Distressed Painted Furniture: A How-To Guide Distressed Painted Furniture: A How-To Guide

What You'll Need
Paint color of your choice
Hammer, screw driver and other tools
Black or raw umber oil paint
Bri Wax or satin varnish
Paint brush
Rags
Paint thinner
Fine grit sandpaper
Fine steel wool

Distressed painted furniture is a very popular look and is easy to achieve. Here's how to achieve this look.
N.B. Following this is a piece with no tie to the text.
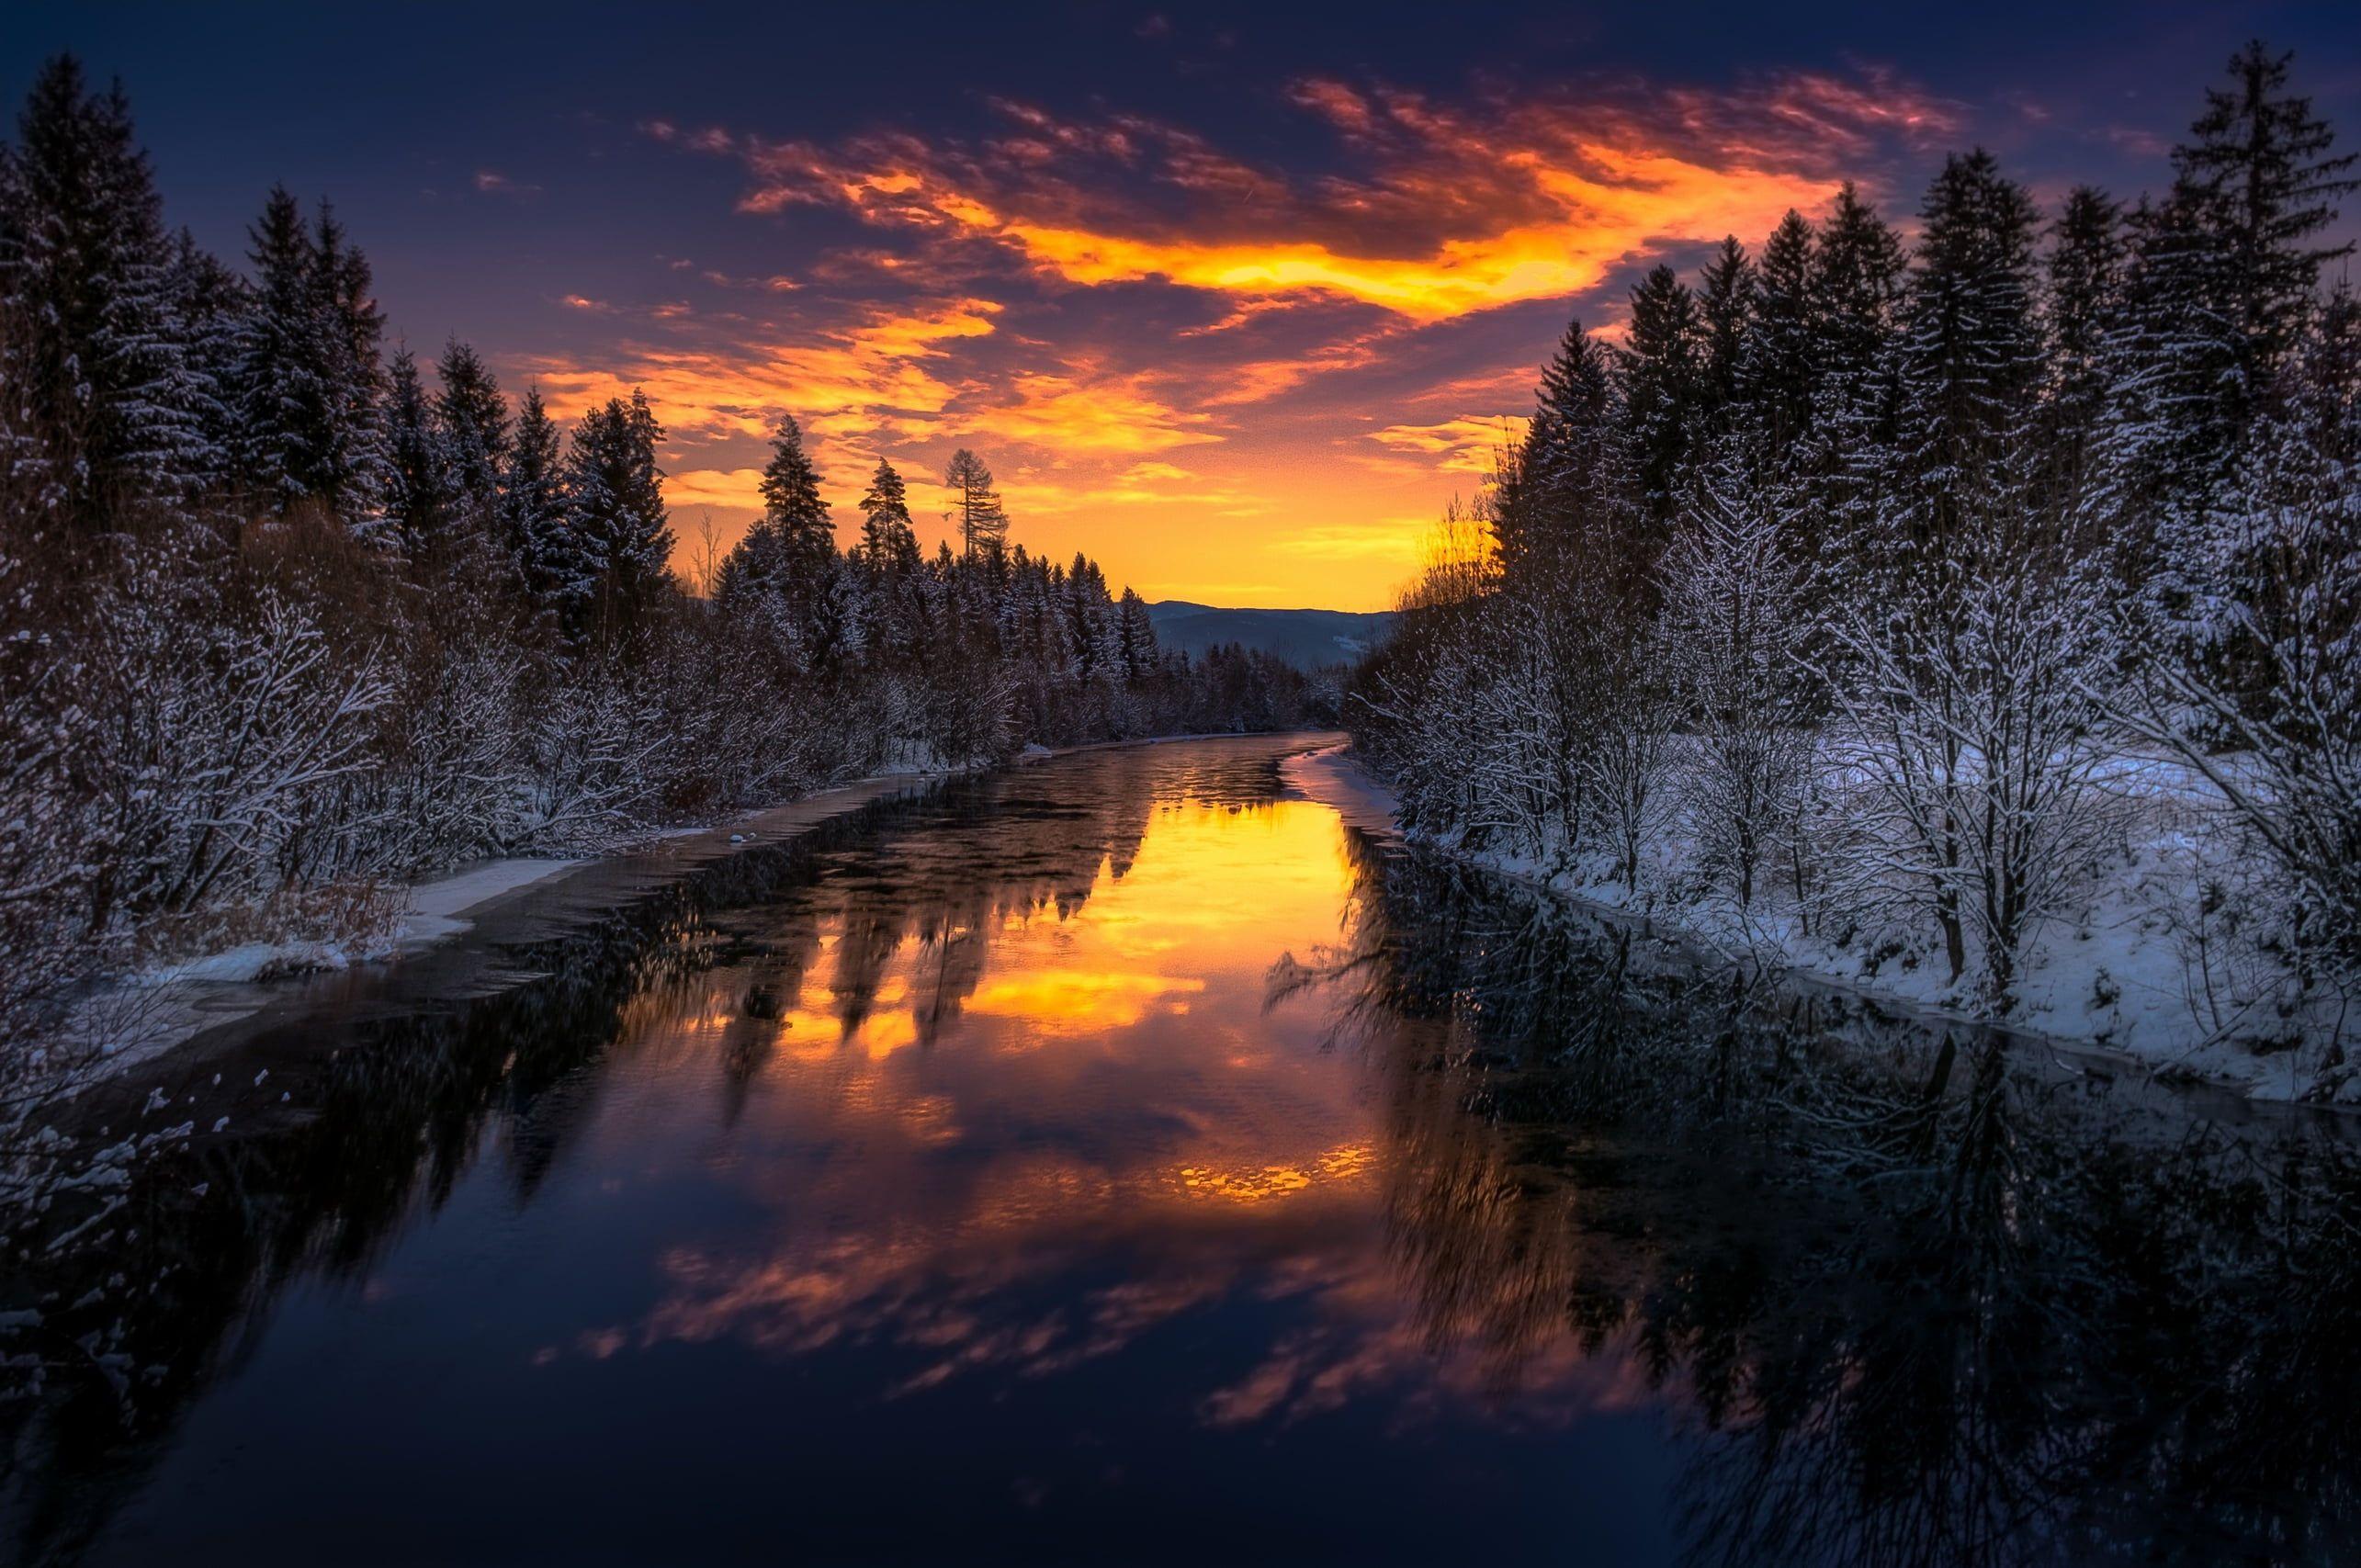 Lake Between Pine Trees, Dark, Landscape, Sky, Sunlight
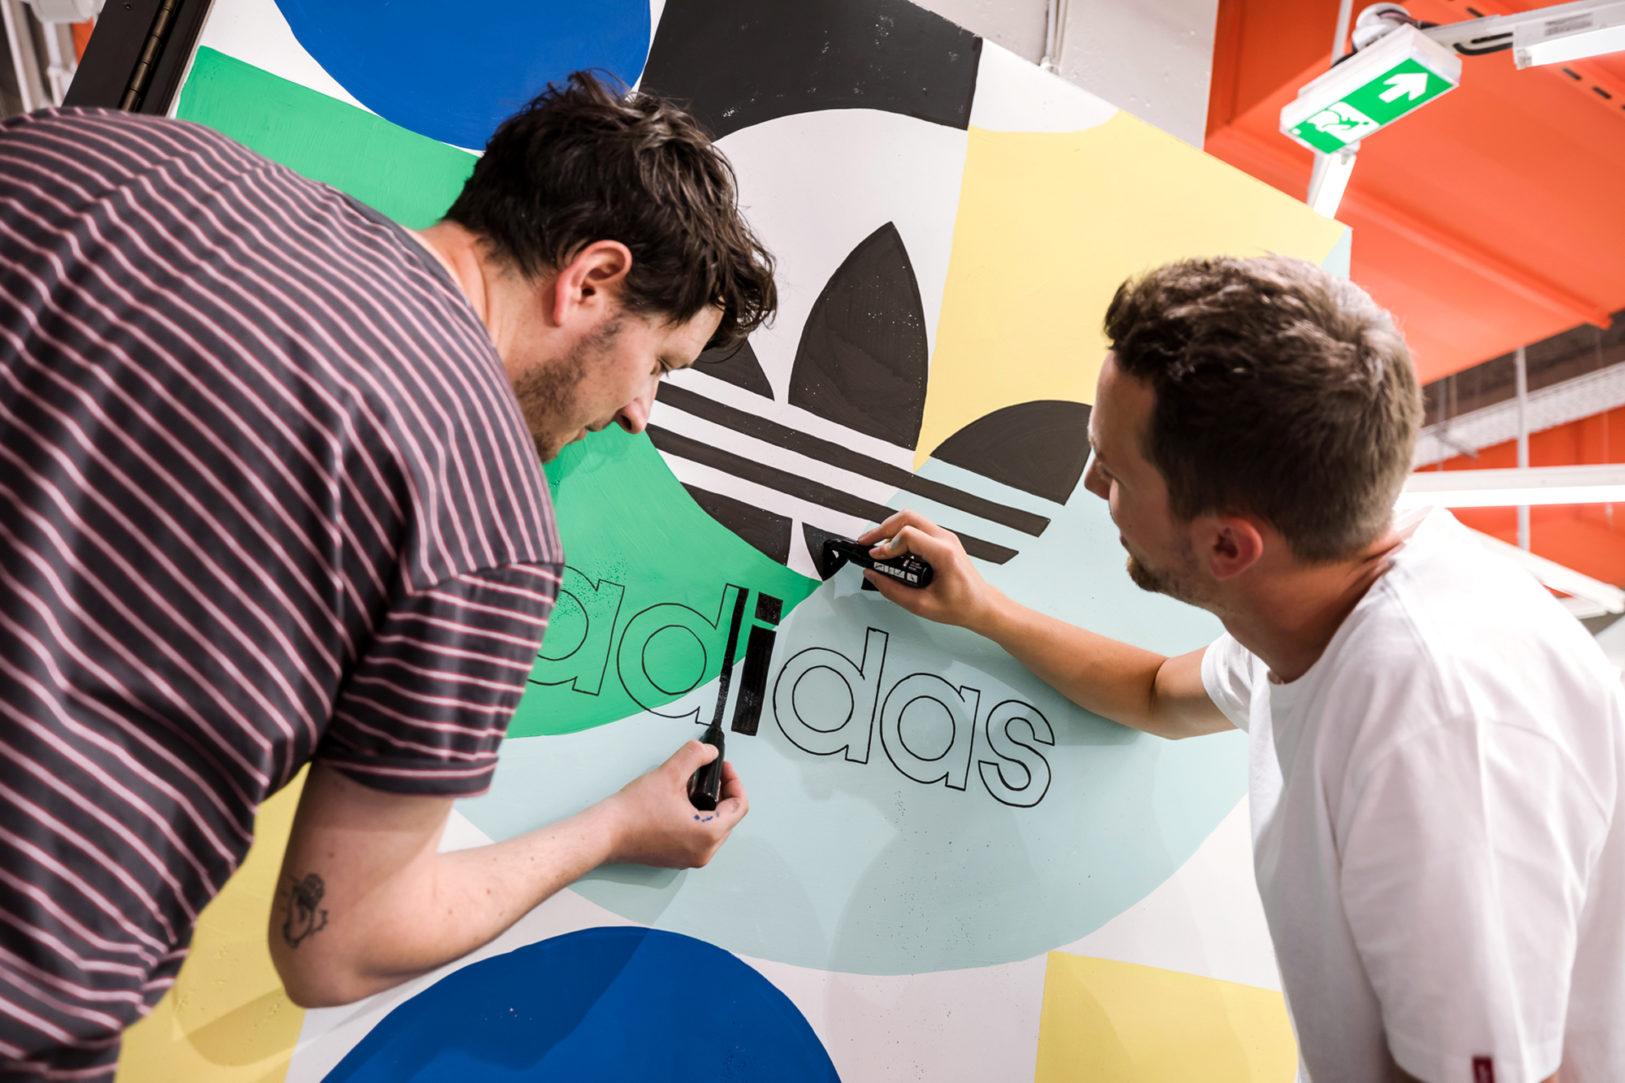 20170708-Retail3D-Adidas-GraphCitadiumCE-28

Step One: Prepare the Surface

If the piece of furniture you wish to distress is already painted, you can leave the existing paint on it and just distress that or you can repaint it in the color of your choice. If you choose to repaint it, clean the surface with soap and water to remove dirt and grime. Once dry, rough sand the wood and then wipe away the dust. This will give the paint a surface to adhere to.

Step Two: Paint

Give your piece of furniture a good even coat of paint in the color of your choice. Flat or satin finish paint is best for a distressing project. Allow the paint to dry thoroughly and lightly rub the piece with extra fine steel wool to smooth any paint streaks or ridges.

Step Three: Distressing

This is the fun part of your project. Think about what type of natural wear and tear your piece could have had after years of use. A chair may have worn spots on the arms or seat, especially the edges. Perhaps there are nicks on the seat where someone sat down with a sharp object in their pocket.

For tables or dressers, think about the edges being worn down, especially corners and around handles or knobs. Use your sandpaper or steel wool to rub away these areas of paint. You can use a sharp object to create dents in the wood, either small deep ones like worm holes, by pounding in the point of a nail then pulling it out, or lay a rock on the piece and hit it hard with a hammer to create a dent in the wood. About anything or any technique you choose to use will give a good result. This is the part that will make your piece one of a kind and reflect your personality.

Step Four: Applying Age

Use the oil paint color you have chosen to rub into the cuts, gouges and worn spots to give it an aged look. Use a rag to rub away what you don't need to give it the color and look you want. You can rub the entire piece with a light coating of this same color if you wish to give the entire piece and aged or weathered look.

Step Five: Sealing

When all of the oil paint you've used has dried completely, you need to seal the piece. Apply a coat of Bri Wax over the entire piece, let it sit until partially dry, then buff to a soft lustre. Tinted wax will both age and shine the piece. Wax will also seal it. Or you can use varnish to seal it and protect it from water spills and prolong the life of the piece. Apply the varnish per manufacturers instructions.